Jared Kushner has been named senior adviser to Donald Trump, formalising the role of the president-elect’s son-in-law as one of the most powerful people in the incoming White House.
The 35-year-old property developer, who is married to Mr Trump’s eldest daughter Ivanka, will be taking the role without salary. Ms Trump will not be taking an immediate role in the administration.
Transition officials said Mr Kushner would work closely alongside Mr Trump’s chief of staff Reince Priebus and his chief strategist Steve Bannon.
The role does not require Senate confirmation but Mr Kushner will divest his major real estate and media holdings. He will resign as chief executive of Kushner Companies, his family’s real estate company, and sell the New York Observer — the pink New York newspaper that he has owned since 2008. He will also divest his stake in 666 Fifth Avenue, the New York skyscraper owned by Kushner Companies.
In a statement, Mr Trump praised Mr Kushner as “an invaluable member” of his team. “Jared has been a tremendous asset and trusted adviser throughout the campaign and transition and I am proud to have him in a key leadership role in my administration.”
Since Mr Trump’s election, both his daughter and Mr Kushner have taken hands-on roles with the president-elect’s transition work, facilitating meetings and phone calls between Mr Trump and foreign dignitaries including Japanese Prime Minister Shinzo Abe.
The unprecedented involvement of Mr Trump’s family members has thrown up an unusual range of questions about conflicts of interest and the potential for constitutional breaches.
It emerged in recent days that Mr Kushner had held talks as recently as a week after election with the chairman of Anbang, one of China’s most politically connected tycoons, about a potential real estate deal.
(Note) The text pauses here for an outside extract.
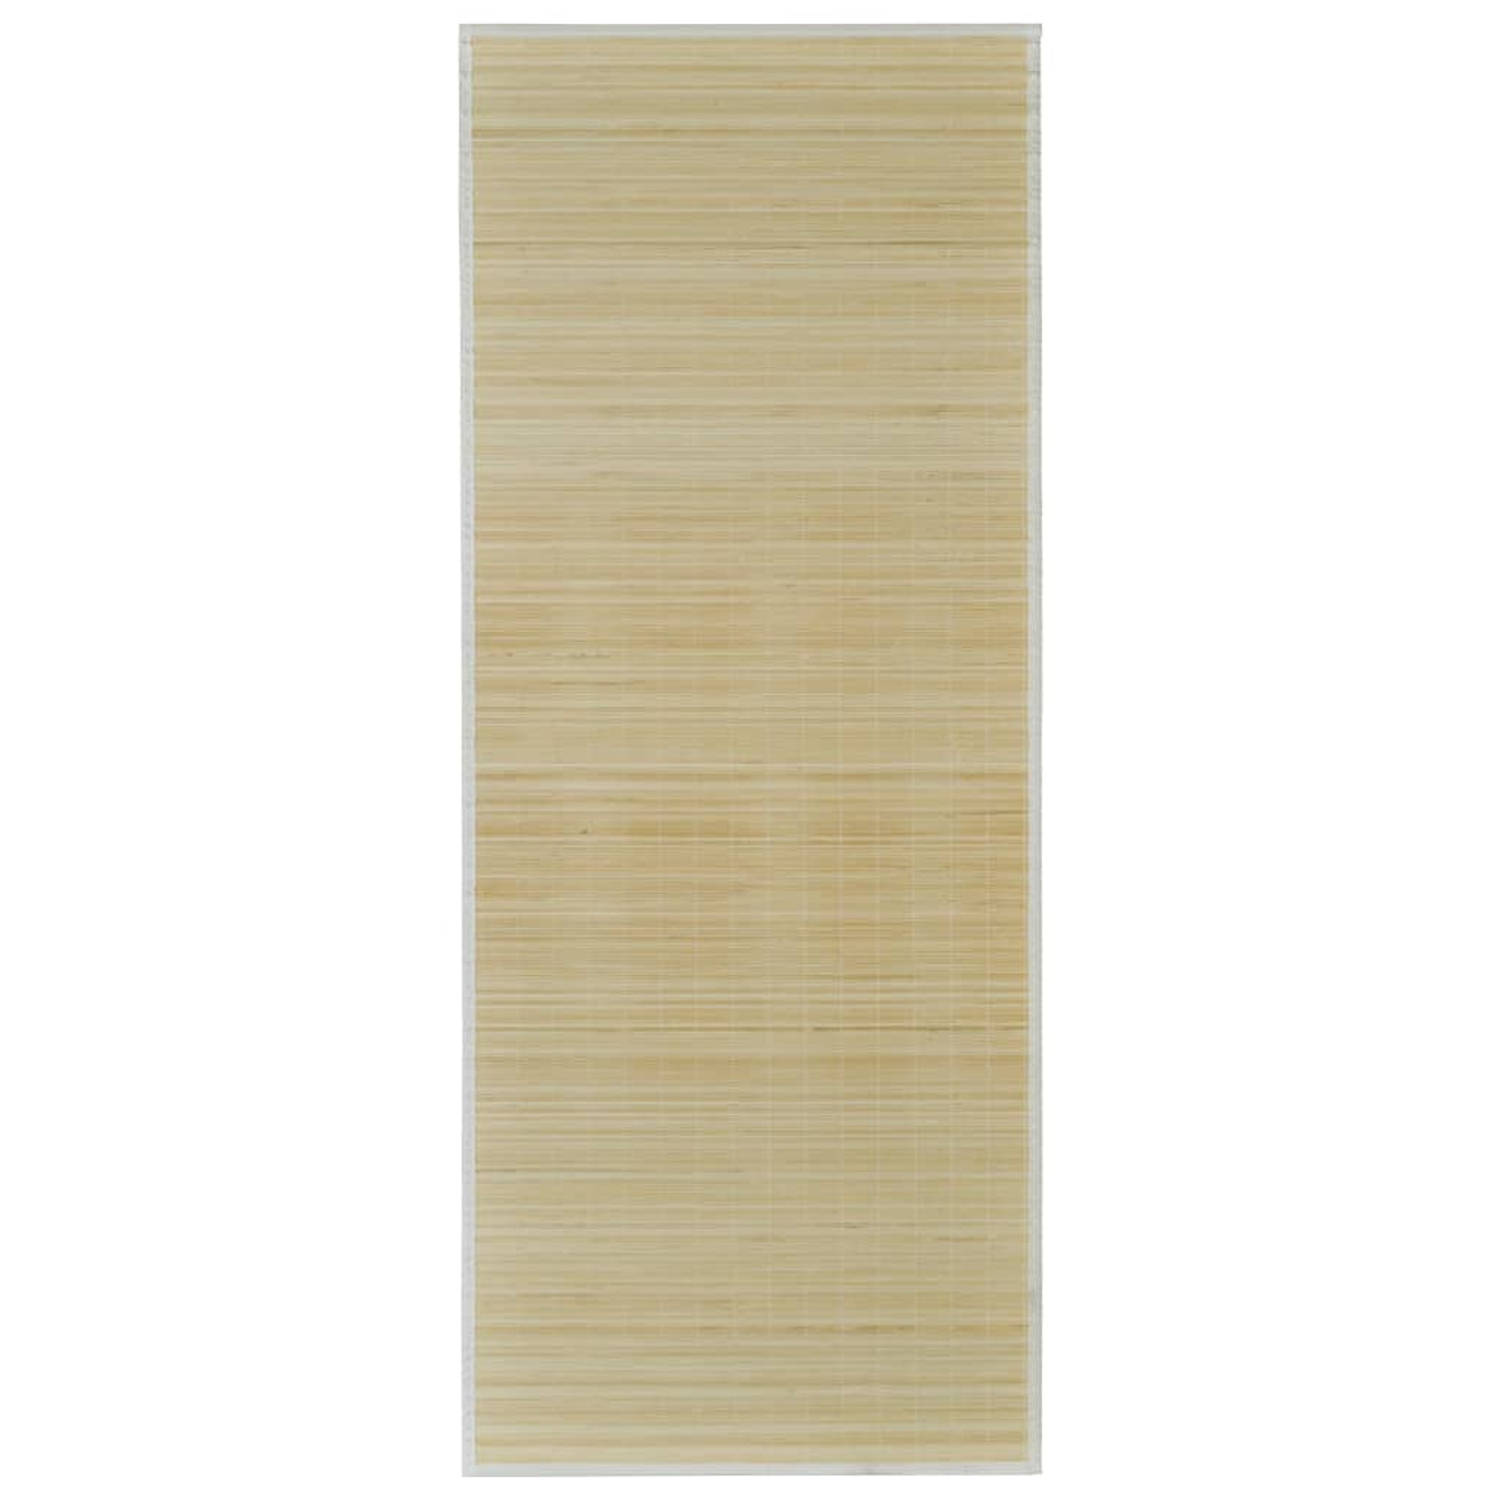 The Living Store Bamboo Mat - Neutrale bamboe kleur - 80 x 200 cm - PVC anti-slip onderkant

Ethics watchdogs have raised questions about how Mr Trump will put his own business interests in a so-called blind trust if his adult children are the ones managing the assets — one of several issues he is expected to be questioned on at a long-awaited press conference scheduled for Wednesday.
There are particular questions concerning the family’s new Trump International Hotel, just blocks from the White House in Washington, DC. Mr Trump leases the site from the federal government, raising the question of how he will be able to be both the building’s landlord and tenant. There are also concerns that foreign governments and dignitaries will begin booking the hotel and its event space as a way to curry favour with the new administration.
Friends describe Ms Trump and Mr Kushner as charming, disciplined and ruthlessly ambitious — particularly Mr Kushner. Though previously a Democrat, both he and his wife threw themselves into Mr Trump’s campaign, travelling with him and, in Ms Trump’s case, speaking on his behalf at many events.
“They both have built extremely successful businesses and they have both done it in a very fast manner, at a young age,” says Reed Cordish, a Baltimore real estate scion who was introduced to his wife by Ms Trump.
“Both developed a lot of experience in how to manage effectively and successfully a large operation. They both are incredibly thoughtful people and thoughtful leaders. When you interact with them — and I’ve also watched them and how they manage their business — they go to great lengths to make sure they are incredibly informed on every topic they are dealing with.”
He said he did not expect Ms Trump to enter into politics just because her family was now in proximity to the White House. “I think she loves working on her businesses and the other different passions and involvements that she has. I don’t think that politics was or is an ambition for her and I think she is going to stay focused on business,” Mr Cordish said.
He characterised Ms Trump’s work on her father’s campaign as filial duty. “If they are in a position to help a friend, or certainly to help a family member, they sort of just do it,” he said.
While the couple has a public persona — with Mr Kushner usually standing on the sidelines, listening attentively, and Ms Trump “sucking up all the oxygen in the room” as one observer put it — at home they have managed to maintain a semblance of a home life, largely due to their Jewish Orthodox faith, the religion Ms Trump converted to when they married.
“If you’re going through an Orthodox conversion and you’re sticking with the community, it’s not like you’re simply slapping on the decal on the process,” said one person in the couple’s Orthodox community who notes the couple is seen faithfully observing the Sabbath and religious holidays.